We will be showing how to import database data from Edgar, with SQL code as well as SSIS Import Wizard configuration settings.
“Since 1934, the SEC has required disclosure in forms and documents. In 1984, EDGAR began collecting electronic documents to help investors get information”
First import the latest master.idx from http://www.sec.gov/edgar/indices/fullindex.htm and edit the file as shown below.
Create a database called Edgar
Create a table called master1 using T-SQL code below
Right click on Edgar database,click Tasks, then Import dat and use settings below.
USE [Edgar]
GO
/****** Object: Table [dbo].[master_02102013] Script Date: 2/10/2013 1:41:59 AM ******/
SET ANSI_NULLS ON
GO
SET QUOTED_IDENTIFIER ON
GO
SET ANSI_PADDING ON
GO
CREATE TABLE [dbo].[master_02102013](
[MasterID] [int] IDENTITY(1,1) NOT NULL,
[CIK] [varchar](50) NULL,
[Company Name] [varchar](200) NULL,
[Form Type] [varchar](50) NULL,
[Date Filed] [varchar](50) NULL,
[Filename] [varchar](50) NULL,
CONSTRAINT [PK_master_02102013] PRIMARY KEY CLUSTERED
(
[MasterID] ASC
)WITH (PAD_INDEX = OFF, STATISTICS_NORECOMPUTE = OFF, IGNORE_DUP_KEY = OFF, ALLOW_ROW_LOCKS = ON, ALLOW_PAGE_LOCKS = ON) ON [PRIMARY]
) ON [PRIMARY]
GO
SET ANSI_PADDING OFF
GO
Make sure Identity insert is checked off. Also make sure you select delete existing rows NOT append row data.
Example Search T-SQL Query after import is completed.

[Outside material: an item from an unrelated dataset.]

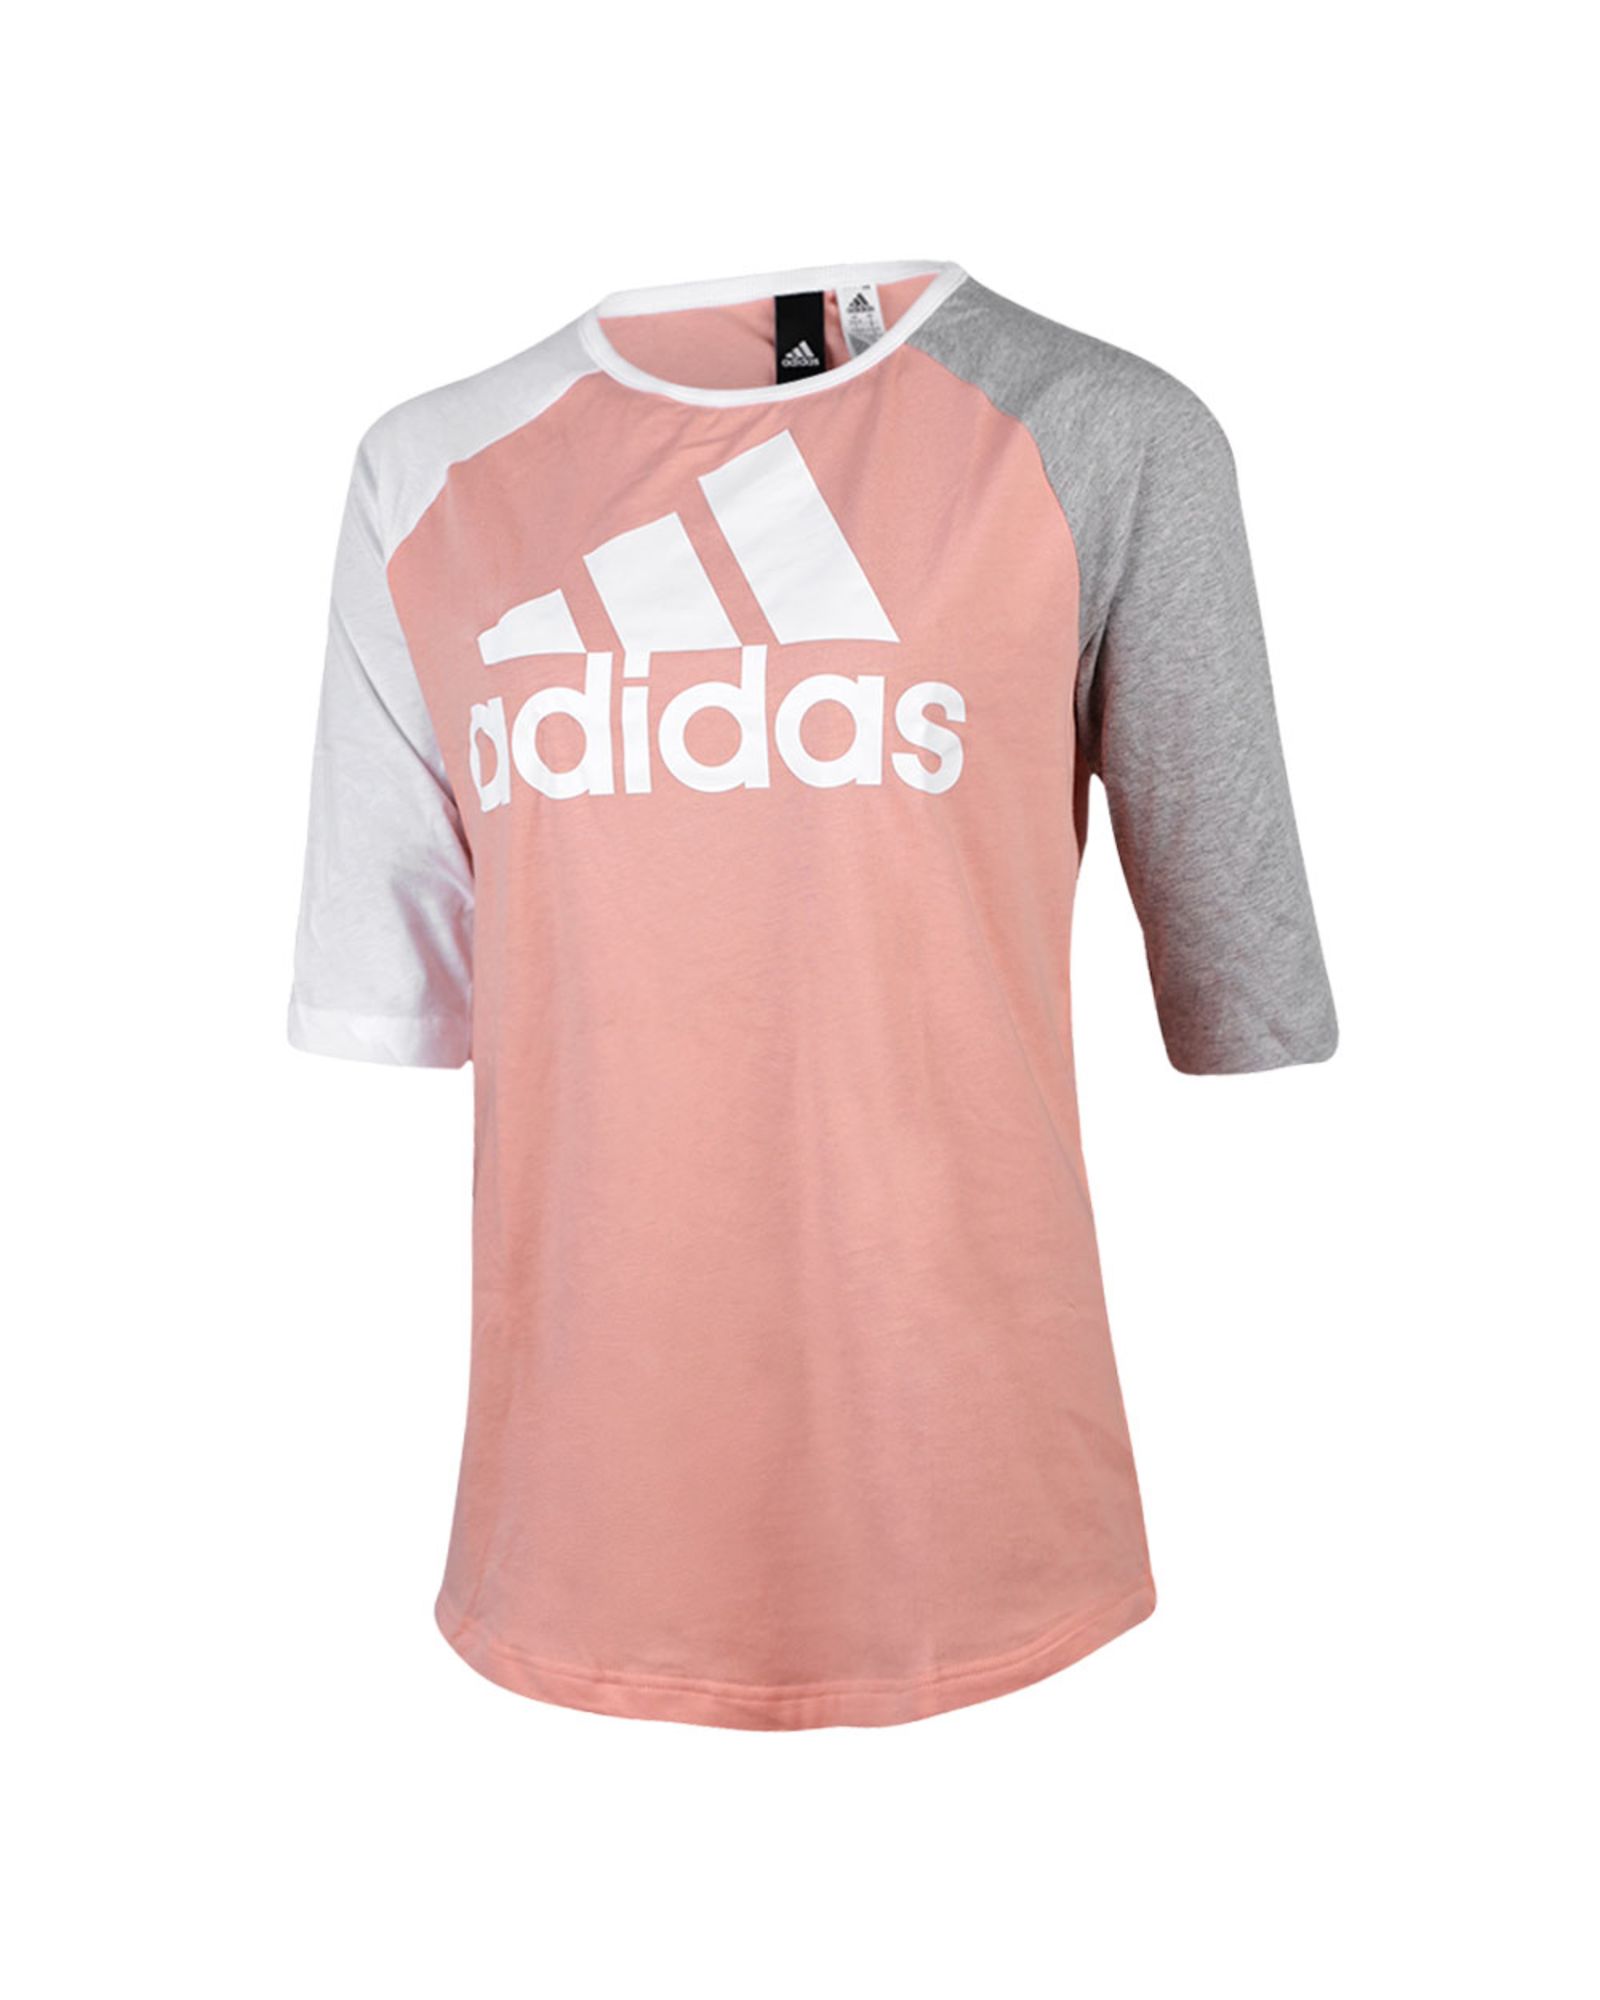 Camiseta de Paseo Baseball Mujer Rosa - Fútbol Factory

SELECT TOP 100000 [MasterID]
,[CIK]
,[Company Name]
,[Form Type]
,[Date Filed]
,[Filename]
FROM [Edgar].[dbo].[master]
Result
Coming soon – a script, to extract ftp filepaths from above results and possibly a script [in python] tp download from ftp.sec.gov all the files into appropriate columns in our database, which currently houses 53,398 rows of data.
————–
Scriot for downloading ONE file, from say data in first row of table created above. Save this as test.scr
anonymous
<your email address goes in here>
cd edgar/data/1000045/
ls *.txt
get 0001193125-13-046001.txt
quit
Script for a batchfile to execute above. Save as, for example: gosec.bat
cls
ftp -s:test.scr ftp.sec.gov